Ter zitting heeft verzoekster gesteld dat dit ziet op slechts drie vergaderingen. Hierbij was bij twee vergaderingen sprake van overmacht, de een door slechte weersomstandigheden, de ander wegens een overlijden in de familie. Bij de derde vergadering is een lid later gekomen.
De tijdens die vergaderingen genomen besluiten zijn later aan de ontbrekende leden ter accordering voorgelegd. Ter zitting is aangegeven dat de genomen besluiten de datering van de vergadering hebben gekregen, ook al zijn zij later alsnog voorgelegd aan de ontbrekende leden.
De voorzieningenrechter is van oordeel, dat achteraf accorderen niet de juiste wijze van besluiten nemen is over protocollen. In een vergadering kan worden gediscussieerd, men kan elkaar bevragen en overtuigen, men kan nieuwe informatie krijgen en tot andere inzichten komen. Dat de aanwezigheid op vergaderingen waar besluiten worden genomen door verweerder geëist wordt, is derhalve alleszins redelijk. Indien onverhoopt de juiste disciplines niet ter vergadering zijn verschenen, kan immers ook worden afgezien van besluiten en kan in een volgende vergadering, die wel aan de eisen voldoet alsnog besloten worden. Verweerder heeft gezien deze incidenten en op grond van de notulen, waar zij op moet kunnen afgaan, terecht aan kunnen nemen dat besluiten in een onvolledige vergadering zijn genomen.

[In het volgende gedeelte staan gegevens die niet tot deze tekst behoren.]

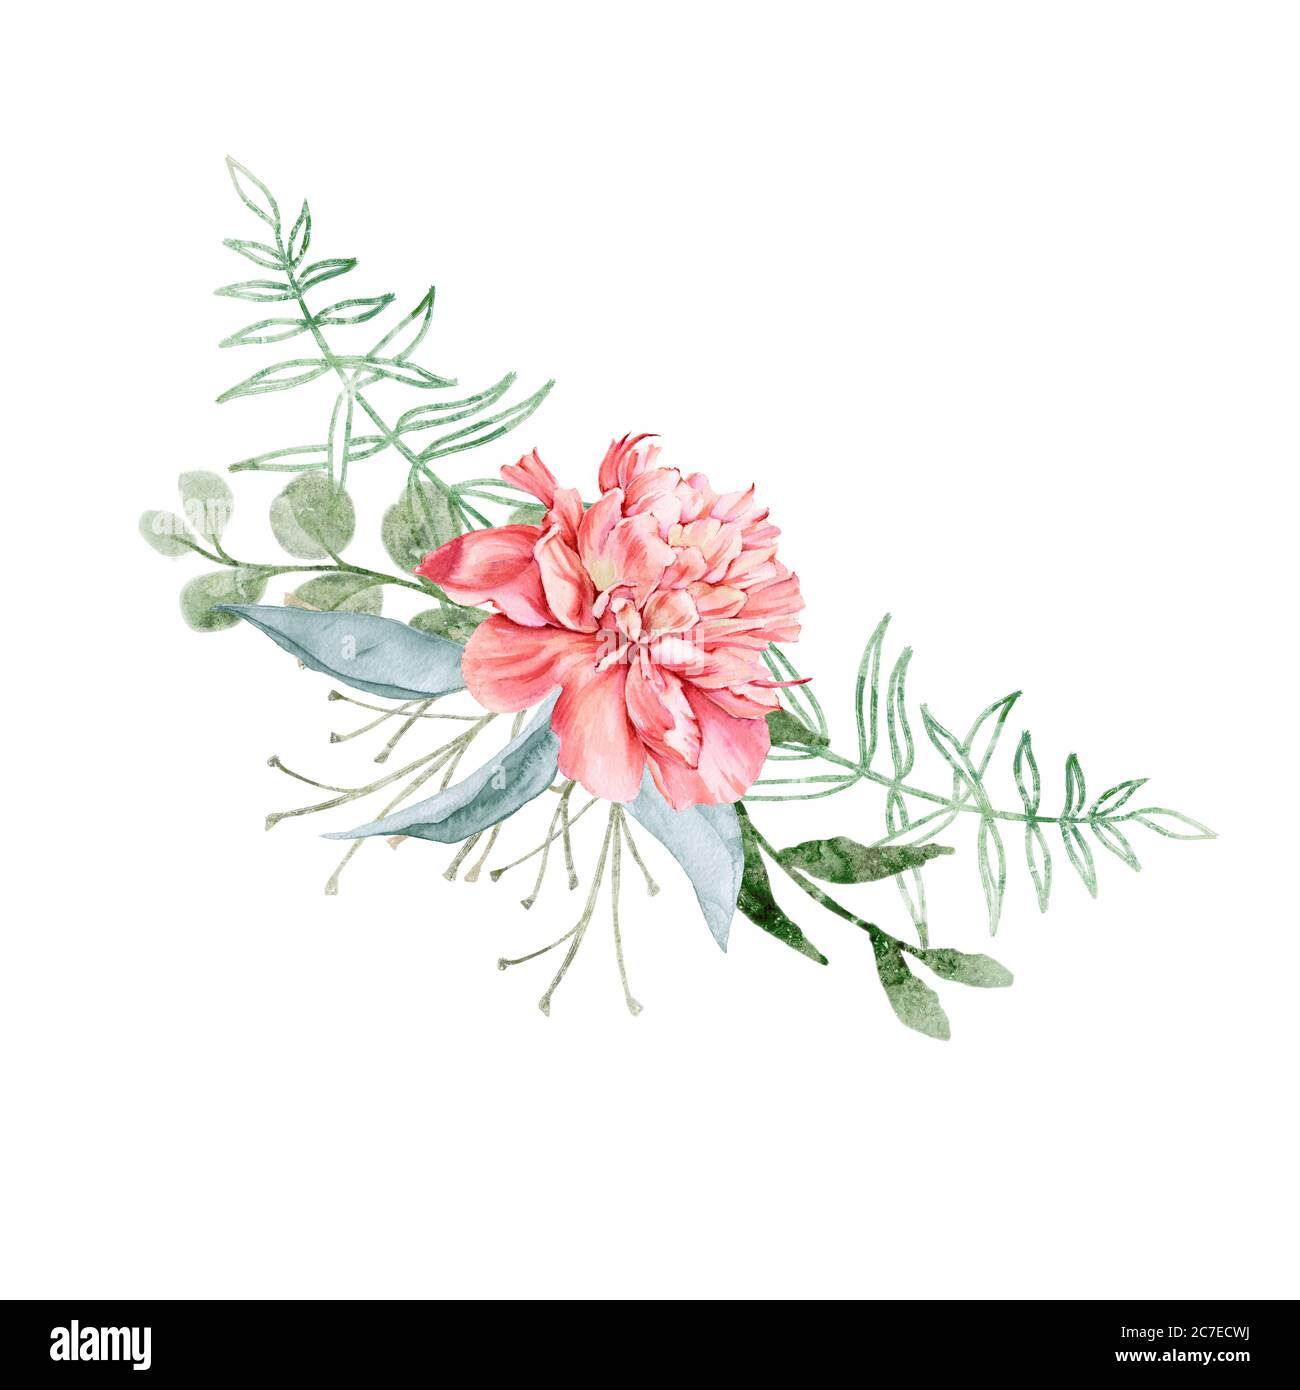 Bouquet of peony flowers. Isolated drawing. Stock Photo

Voor de verwijten die partijen elkaar maken over belangenverstrengeling van commissieleden heeft de voorzieningenrechter geen grond gevonden.
De overige aan verzoekster verweten gedragingen zijn niet of nauwelijks door verzoekster betwist.
Op grond van de bevindingen van verweerder sedert de “gele kaart” in 2007 en mede gelet op het feit dat verzoekster vanaf het moment van de afgifte van de erkenning tot het moment van intrekking van de erkenning meermalen is gewezen op dezelfde tekortkomingen, heeft verweerder naar voorlopig oordeel van de voorzieningenrechter kunnen oordelen, dat de erkenning van verzoekster op grond van artikel 25, lid a en b, van de WMO moest worden ingetrokken.
Het verzoek om voorlopige voorziening dient dan ook afgewezen te worden.
Voor een proceskostenveroordeling bestaat geen aanleiding.
3.Beslissing
De voorzieningenrechter van de rechtbank
-wijst het verzoek om voorlopige voorziening af.
Deze uitspraak is gedaan door mr. L.E.C. van Rijckevorsel-Besier, voorzieningenrechter, en door deze en Y. van der Zaan-van Arnhem, als griffier, ondertekend.
Uitgesproken in het openbaar op 20 augustus 2010.